Does anybody have any reviews on this product? I just got one in and about to get it hooked up and test it out , hope it works half as good as my wide band commander ! 




Sent from my iPhone using Tapatalk


----------



## filthyredneck (Feb 10, 2010)

I dont know anything about that product, but If you decide to get rid of the wideband holla at me (if it's something I can use)

"Killing Time Using Tapatalk 2"


----------



## mudtodeep (Jun 5, 2012)

I got one and it works good just make sur its under a load when reading gage like going up a hill. If u try to read it cruising it will read LEAN


----------



## Waddaman (Oct 3, 2010)

Doesn't need to be going up a hill just read it when the bike is still under load.

I had 2 issues with mine.

1. my big connector that connects to the sensor would not click shut, don't know why but it wouldn't make it all the way no matter how hard I pushed(dry no grease holding it right out of the box) So I just loaded it up with dielectric grease and put some tape on it to hold it together.

2. I had problems as I kept getting the E9 error code which means low voltage, I talked to Vforcejohn about it as he recommended it to me and he told me to wire it direct to battery with a switch, I had mine off a switched source (I think accessory plug) and it was no good. Every other run I did I couldn't get any results because it was low voltage, as well it made my idle up or down because it was drawing so much power.

Edit: AND I forgot to mention it made it take really really long to heat up after you turn the key, john told me hooking it direct to battery with a switch would fix all the problems but by the time I talked to him about it I was done tuning so I took it off.

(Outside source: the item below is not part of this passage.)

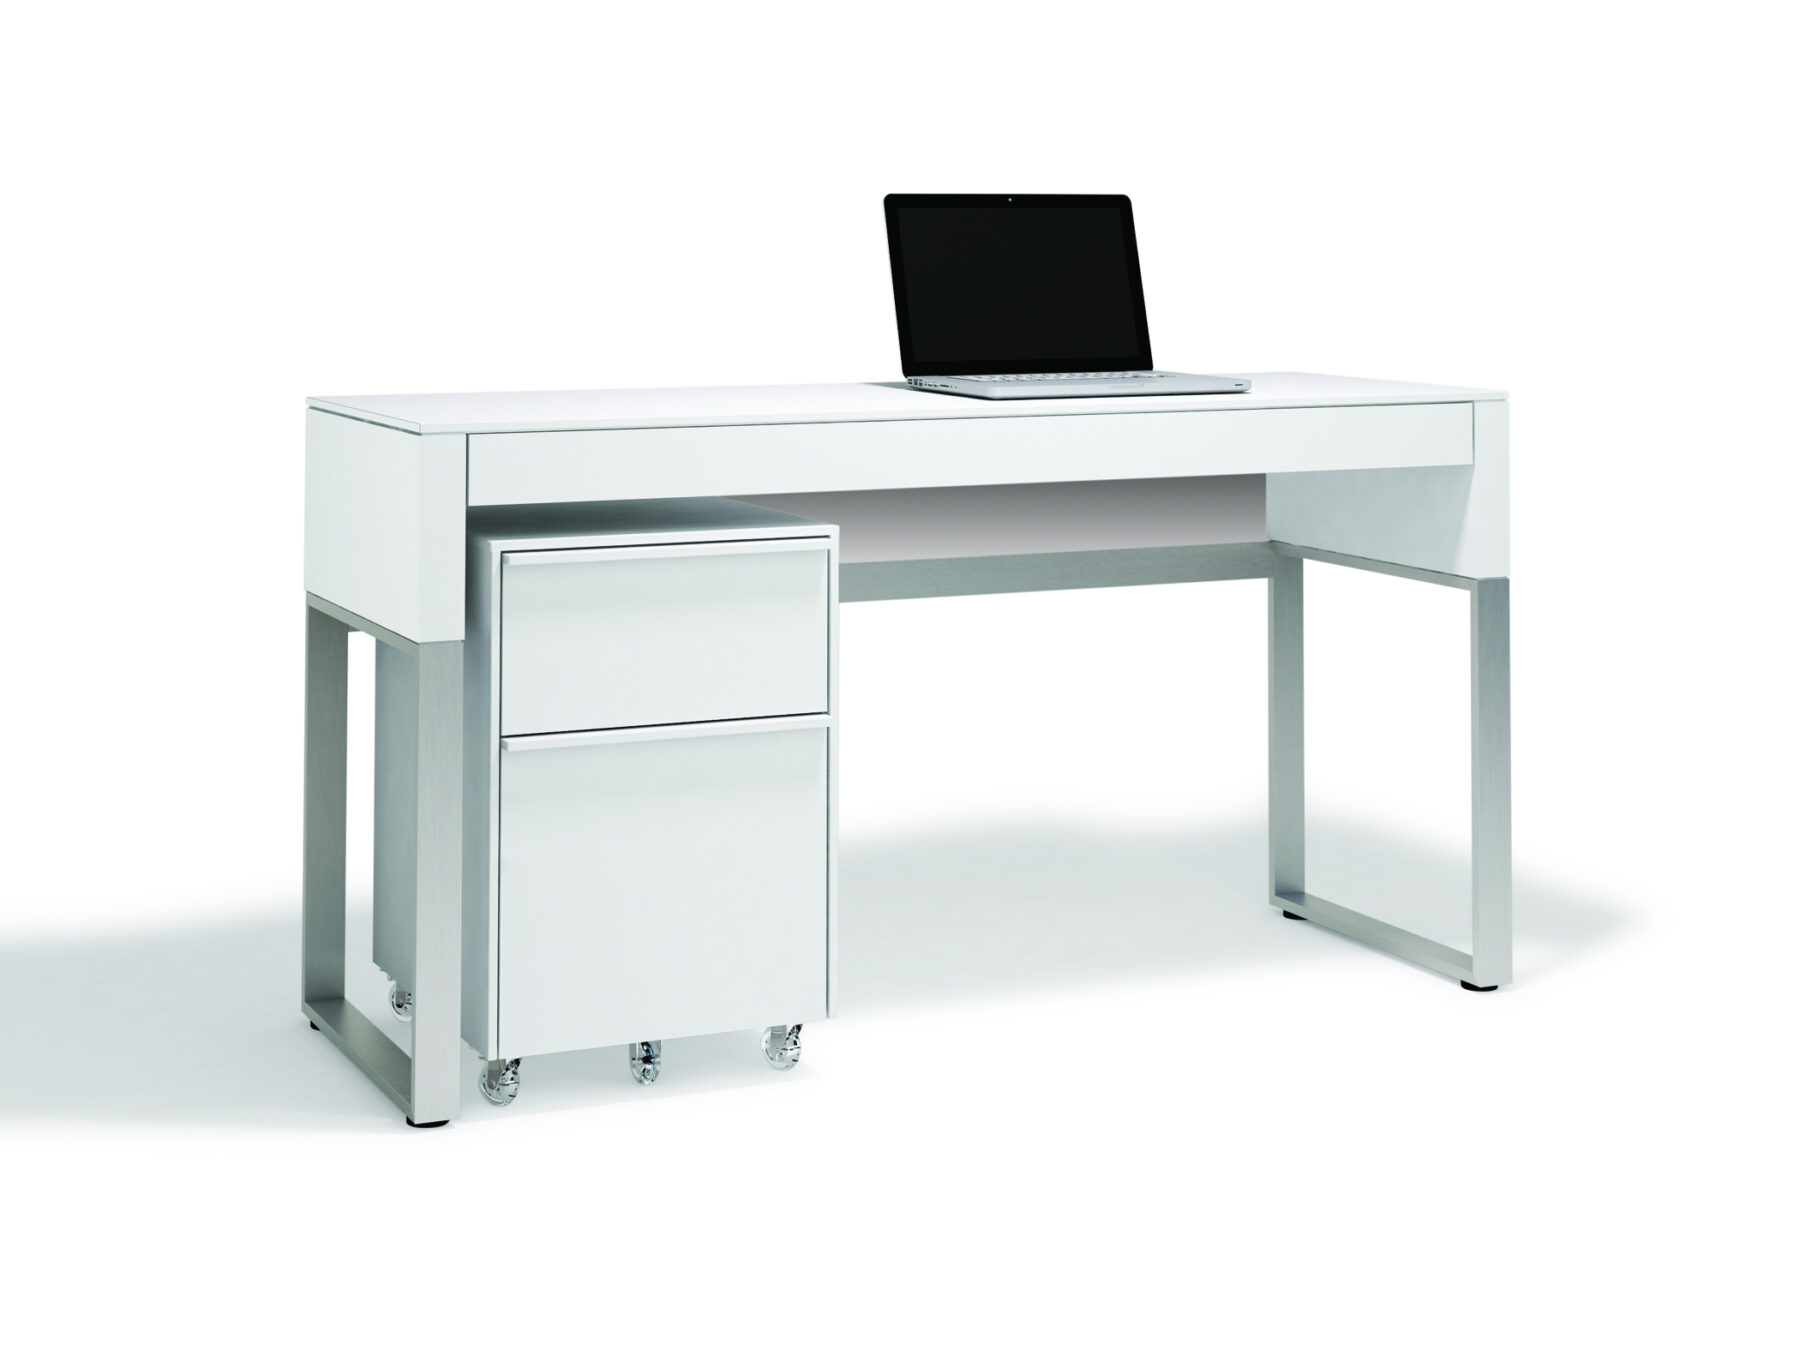 cascadia-6202-6207-white-bdi-modern-office-1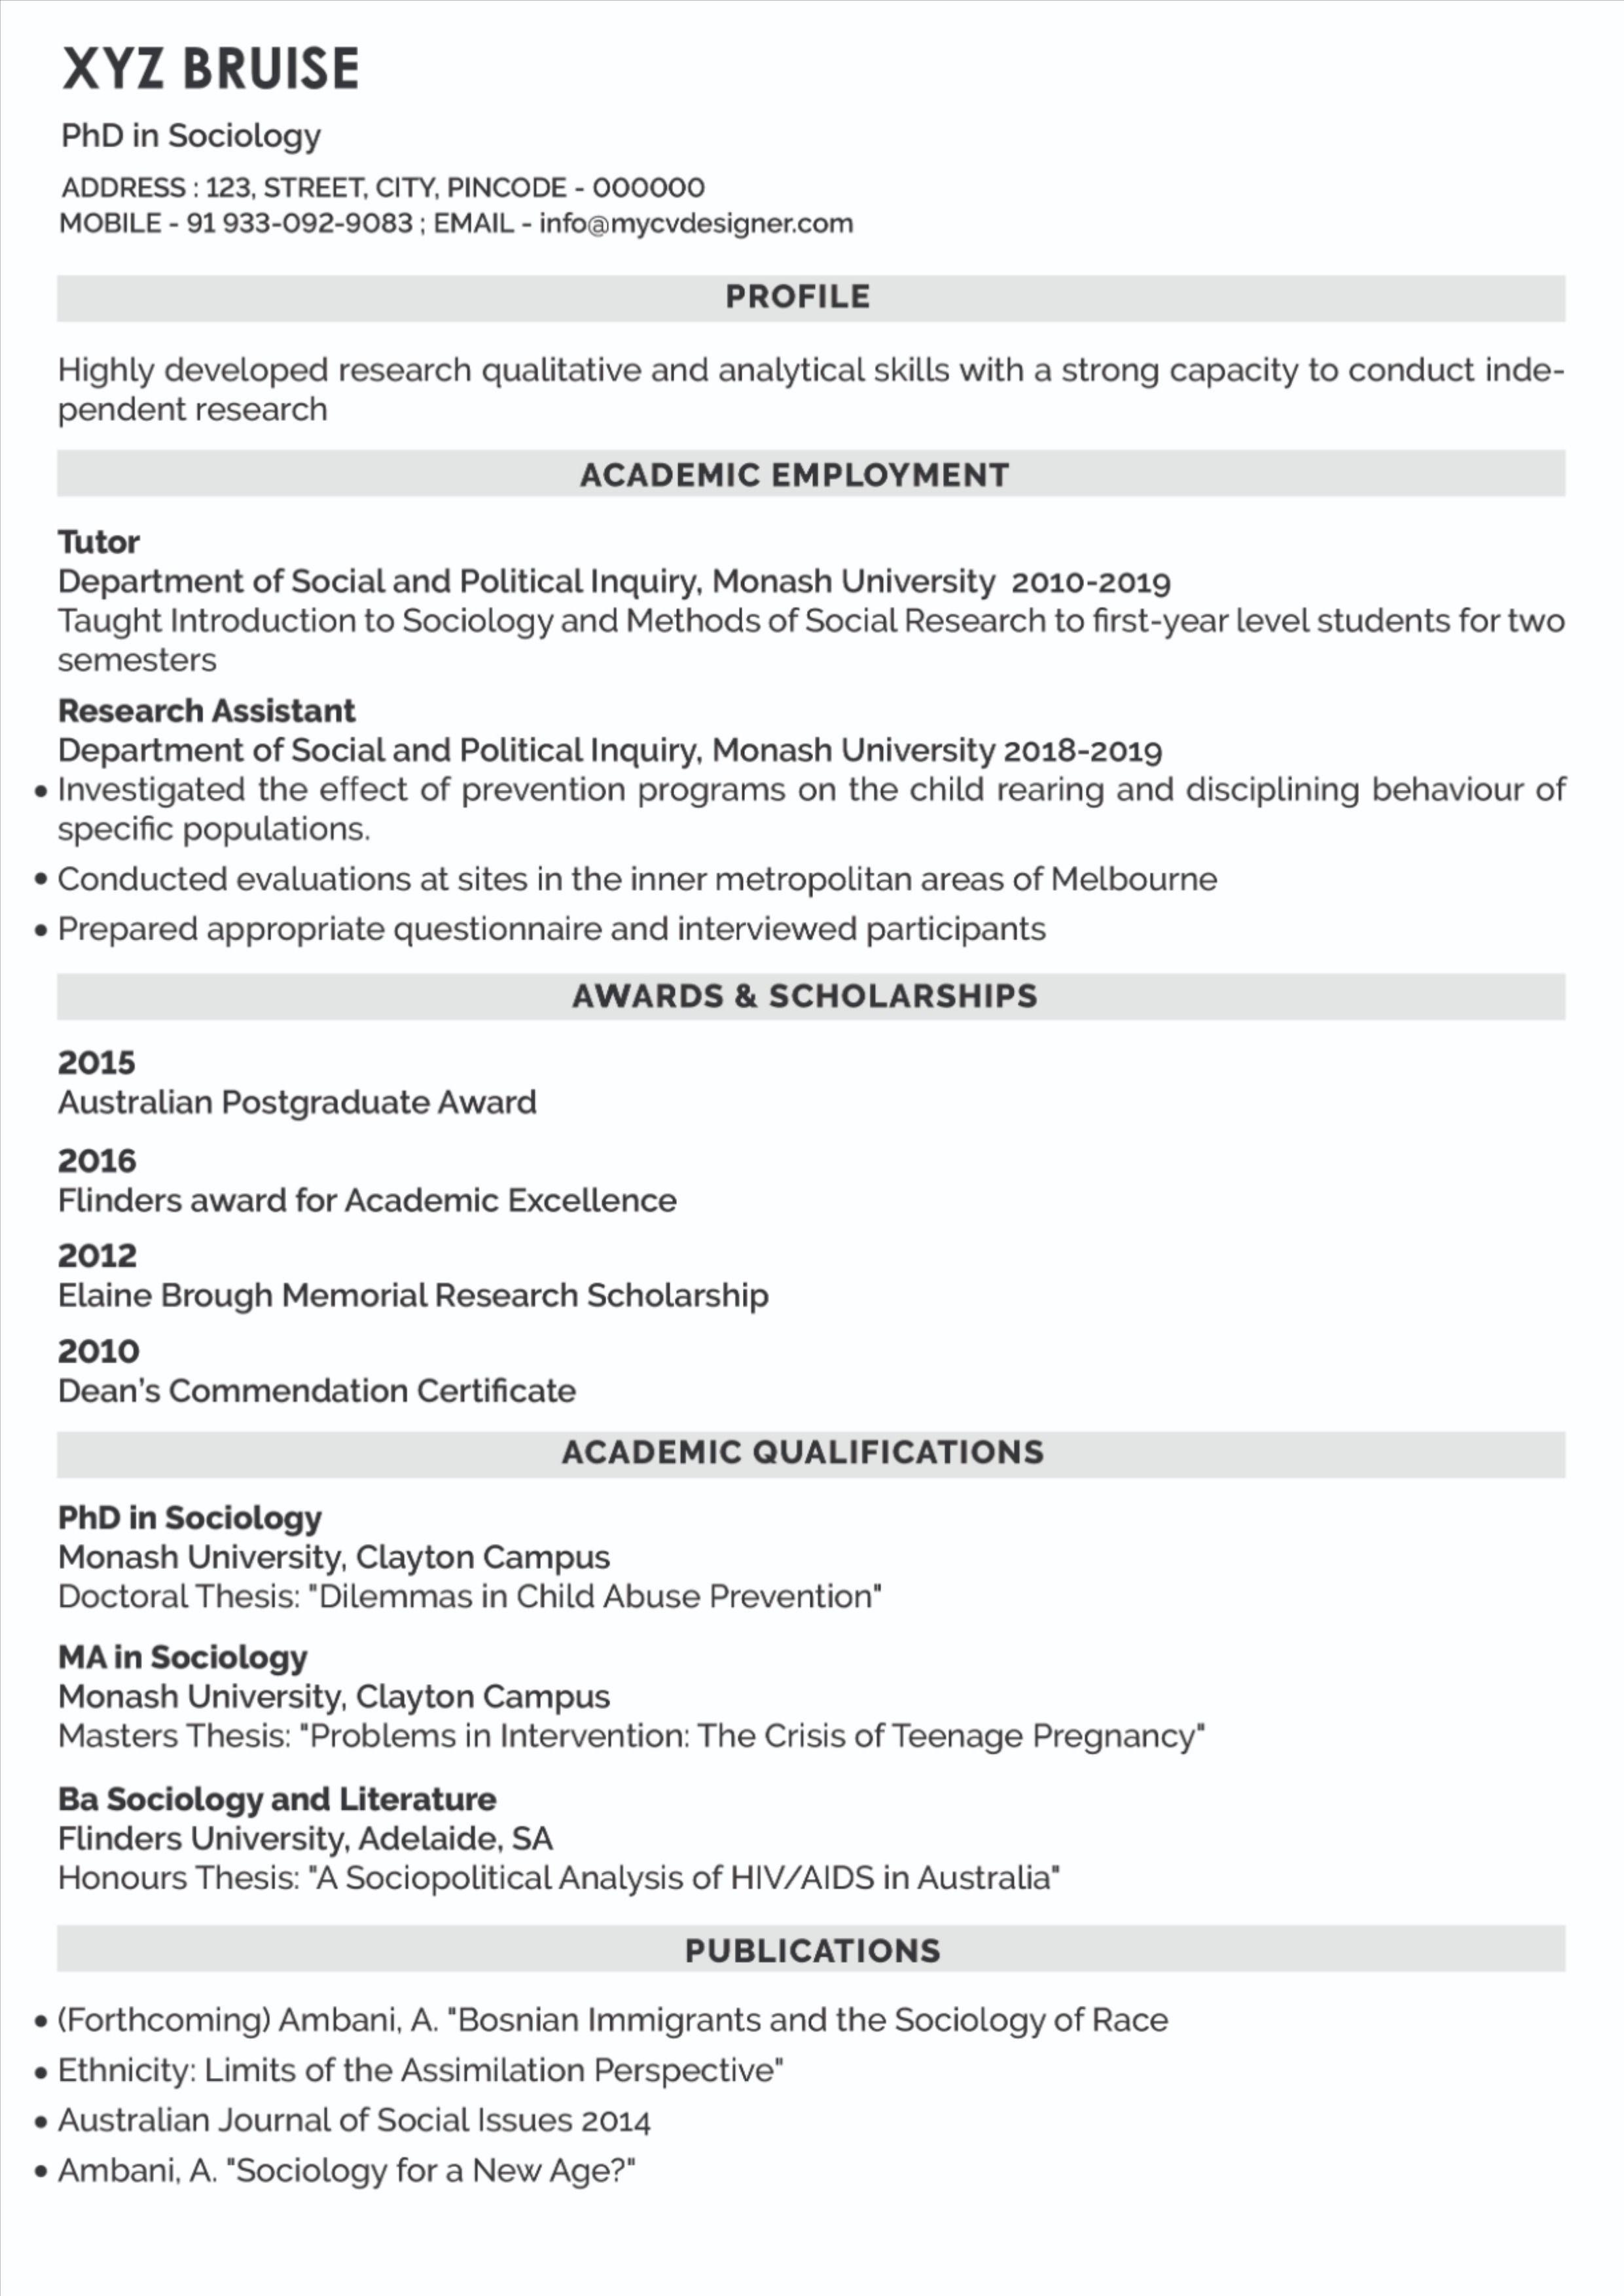 Text CV/Resume Resume, Hiring process, Texts

Other then that, it worked good. Never got any water damage and always gave me good numbers.


----------



## browland (Apr 4, 2009)

Well I have always used the wide band commander , on all my race applications and it's an awesome setup . Just curious if this would be a good tool to use , I don't have a dyno anymore and I'm sure not putting the wideband commander on a wheeler to ruin in the mud . Filthy I'll let ya know how it works out , I can always drop it in the mail if you need to use it , I bought the clamp for the tail pipe as well as 10 extra bungs , I'm not leaving it on the bike, 




Sent from my iPhone using Tapatalk


----------



## filthyredneck (Feb 10, 2010)

^ alright, thats all I want it for is to get a good tune to run instead of going and paying out the arse to get it done. Need to setup the gade, and outty. Would also like to do the brutes, but I need to buy the equipment lol.

"Killing Time Using Tapatalk 2"


----------



## mudtodeep (Jun 5, 2012)

No need to buy bungs just get oil burners that go on spark plugs cut end off. get 2 for 4 dollars works great


----------



## mudtodeep (Jun 5, 2012)

There 18mm


----------